The Chinese Dragon Breathes Fire: Tesla's EV Dominance Under Siege
While the political drama in Washington captured headlines, a more fundamental and perhaps more enduring threat to Tesla's long-term prosperity is brewing in the East. The Chinese electric vehicle market, once a key engine of Tesla's growth, has become a fiercely competitive battleground where a host of domestic rivals are not just challenging Tesla, but in some aspects, surpassing it.
Companies like BYD, Nio, XPeng, and now even the tech giant Xiaomi, are relentlessly innovating and offering a diverse range of electric vehicles that are often more affordable and technologically advanced than Tesla's offerings. This intense competition has led to a significant erosion of Tesla's market share in China. From a dominant position just a few years ago, Tesla's share of the battery electric vehicle market has fallen significantly.
One of the key advantages for Chinese automakers is their control over the entire EV supply chain, particularly in battery production. This allows them to produce vehicles at a lower cost, a crucial factor in a price-sensitive market. The result is a growing disparity in pricing, with many Chinese EVs offering comparable or even superior features at a fraction of the cost of a Tesla.

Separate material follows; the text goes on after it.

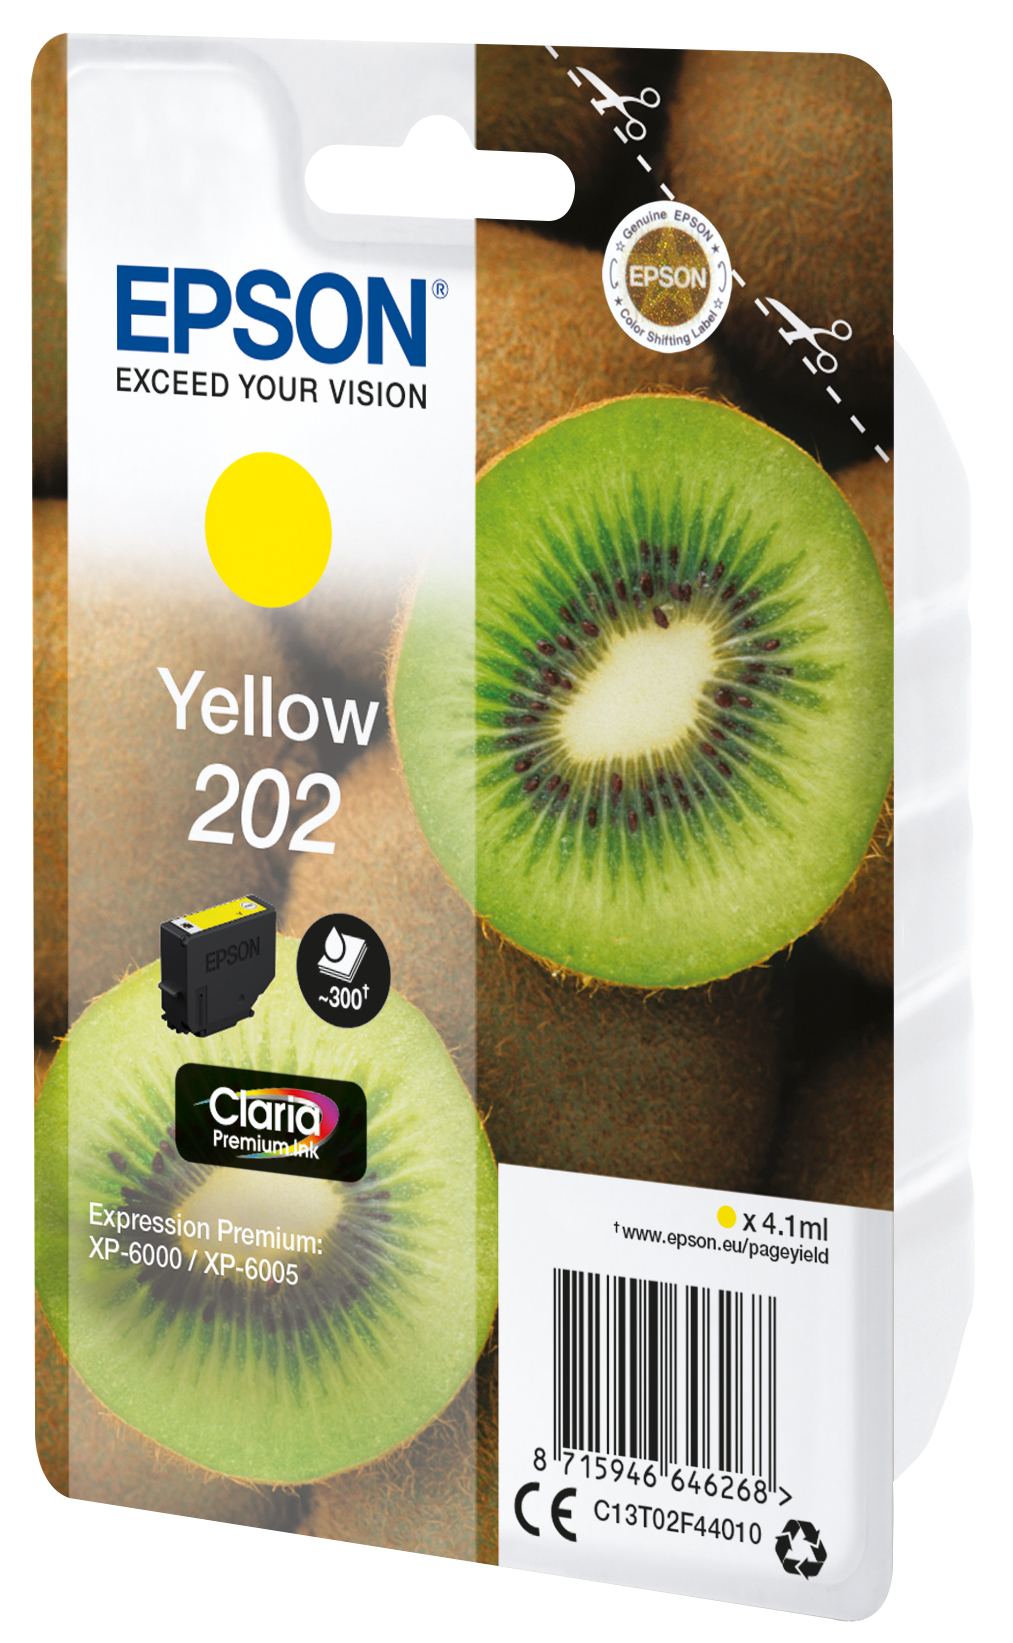 Epson Kiwi Singlepack Yellow 202 Claria Premium Ink - Standardertrag - Tinte auf Pigmentbasis - 4,1 ml - 300 Seiten - 1 Stück(e)

Furthermore, Chinese consumers are increasingly viewing electric vehicles as "rolling smartphones," prioritizing advanced digital features, connectivity, and a sophisticated user experience. In this regard, many domestic brands are seen as more innovative and in tune with local preferences than Tesla. This shift in consumer sentiment has been a significant factor in the declining interest in the Tesla brand in China.
The numbers paint a stark picture of Tesla's predicament. While the overall new-energy vehicle market in China continues to grow at a remarkable pace, Tesla's sales have been on a downward trend. This is a worrying sign for a company that has invested heavily in its Chinese operations and has historically relied on the country for a substantial portion of its global sales.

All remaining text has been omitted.